2.C.A.4. Connect the other port to a filter (an exhaust filter) with a short piece of silicon tubing.

2.D. Set up the feeding port

2.D.A.1. Fill the 250 ml storage bottles with acid, base, antifoam reagent, or nutrient.

2.D.A.2. Connect them each with silicon tubing to the feeding ports on the head-plate. The tubing should be of sufficient length to allow for passage through the peristaltic pump in the control unit.

2.D.A.3. If no acid/base/antifoam/nutrient is used, then use a shorter piece of silicon tubing to connect the two feeding ports in order to prevent air leakage.

2.E. Media preparation

2.E.A.1. Attach a piece of silicon tubing to the sampling port and clamp the other end.

2.E.A.2. Adjust the height of the antifoam probe according the projected working volume.

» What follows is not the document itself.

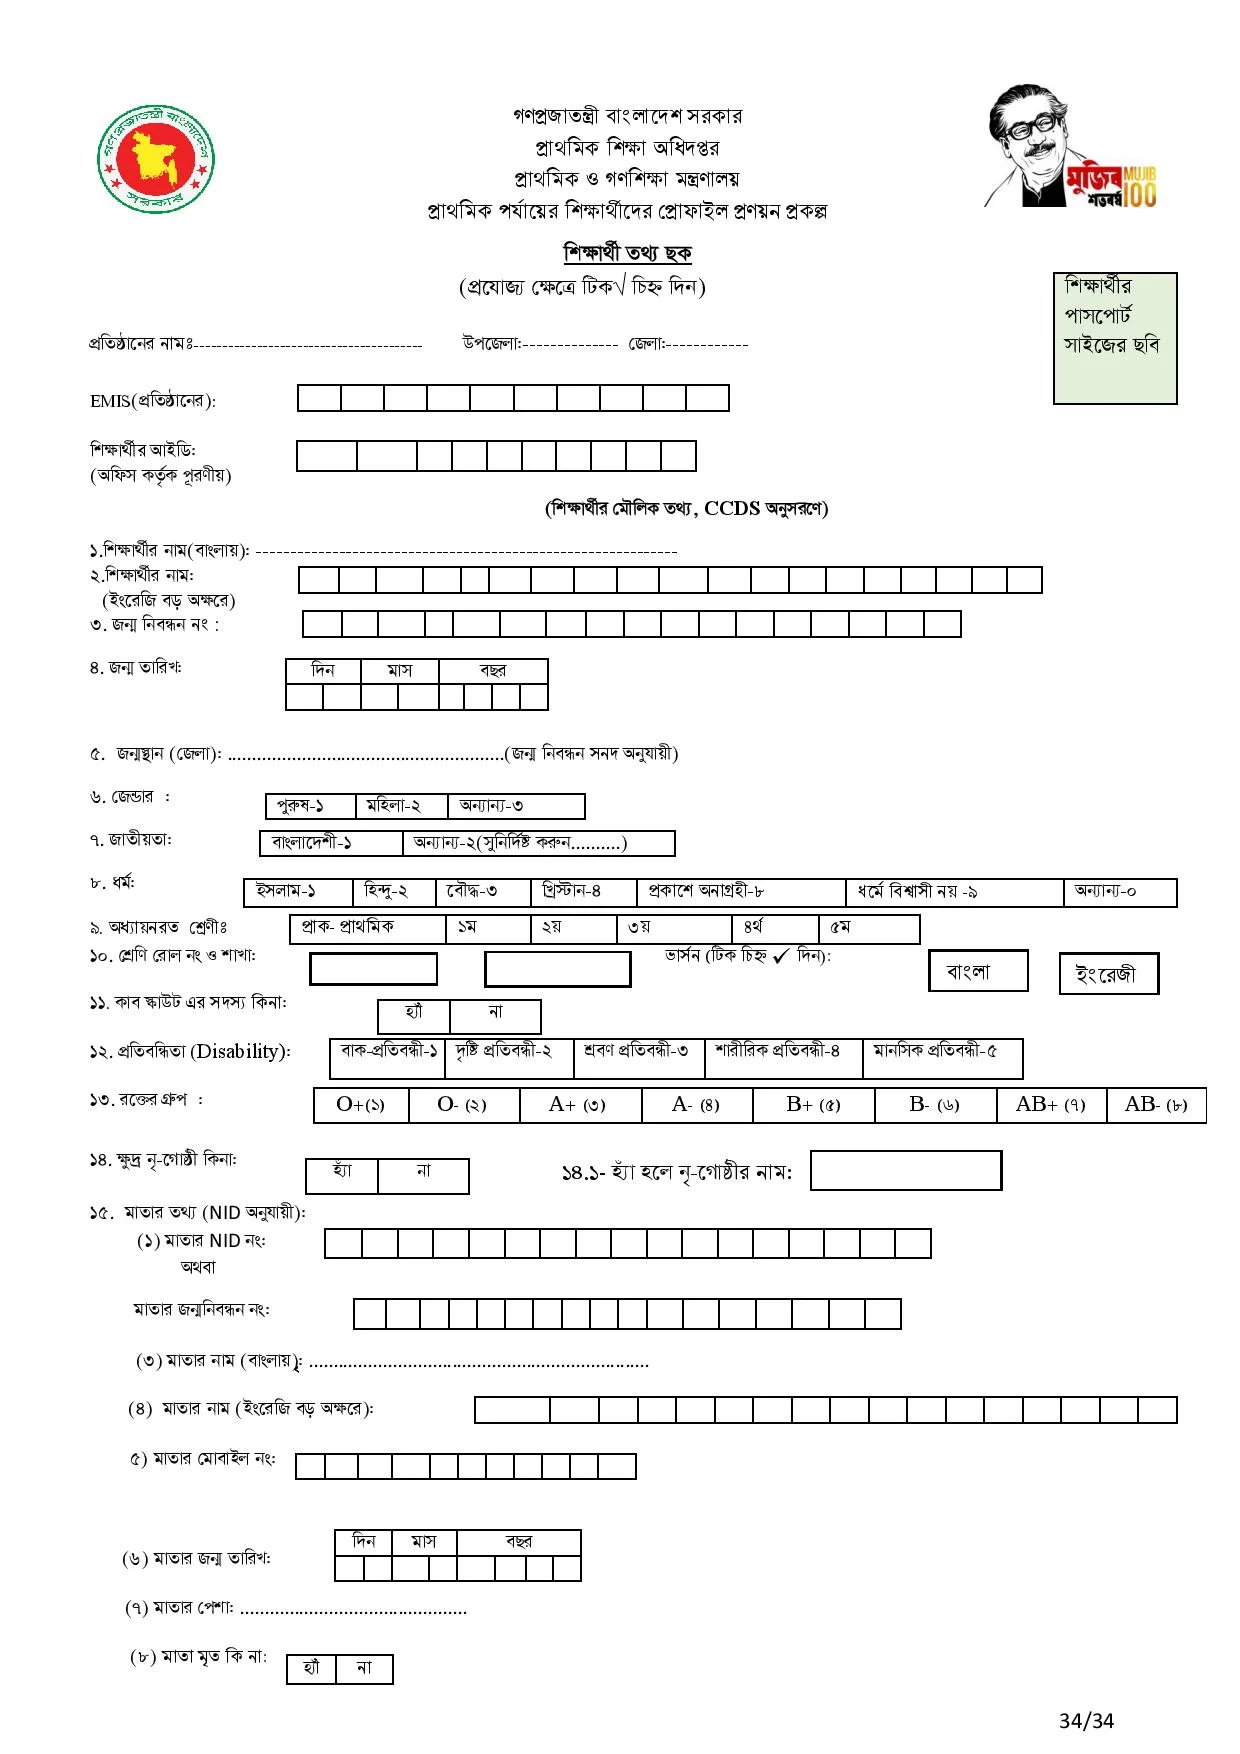 Primary School Student Profile Form Download

It is recommended that the user use at least 50 mm of tubing.

2.E.A.3. Prepare the media and reagents.

2.E.A.4. Pour the now mixed and ready-to-use media and water into the vessel.

84

2.F. pH calibration

2.F.A.1. Connect the pH probe to the pH probe port on the controller.

2.F.A.2. On the screen, select the Calibration tab and then select pH.

2.F.A.3. Stick the probe into a pH 7 standard solution and wait until stable.

2.F.A.4. Select Zero.

2.F.A.5. Clean and dry the probe.

2.F.A.6. Place the probe in pH 4 standard solution and wait until stable.

2.F.A.7. Select Span Set.

2.F.A.8. Press Finish then clean and dry the electrode again. (For more details in Section 8.6 calibration)

2.G. DO calibration

2.G.A.1. Select DO under the calibration tab.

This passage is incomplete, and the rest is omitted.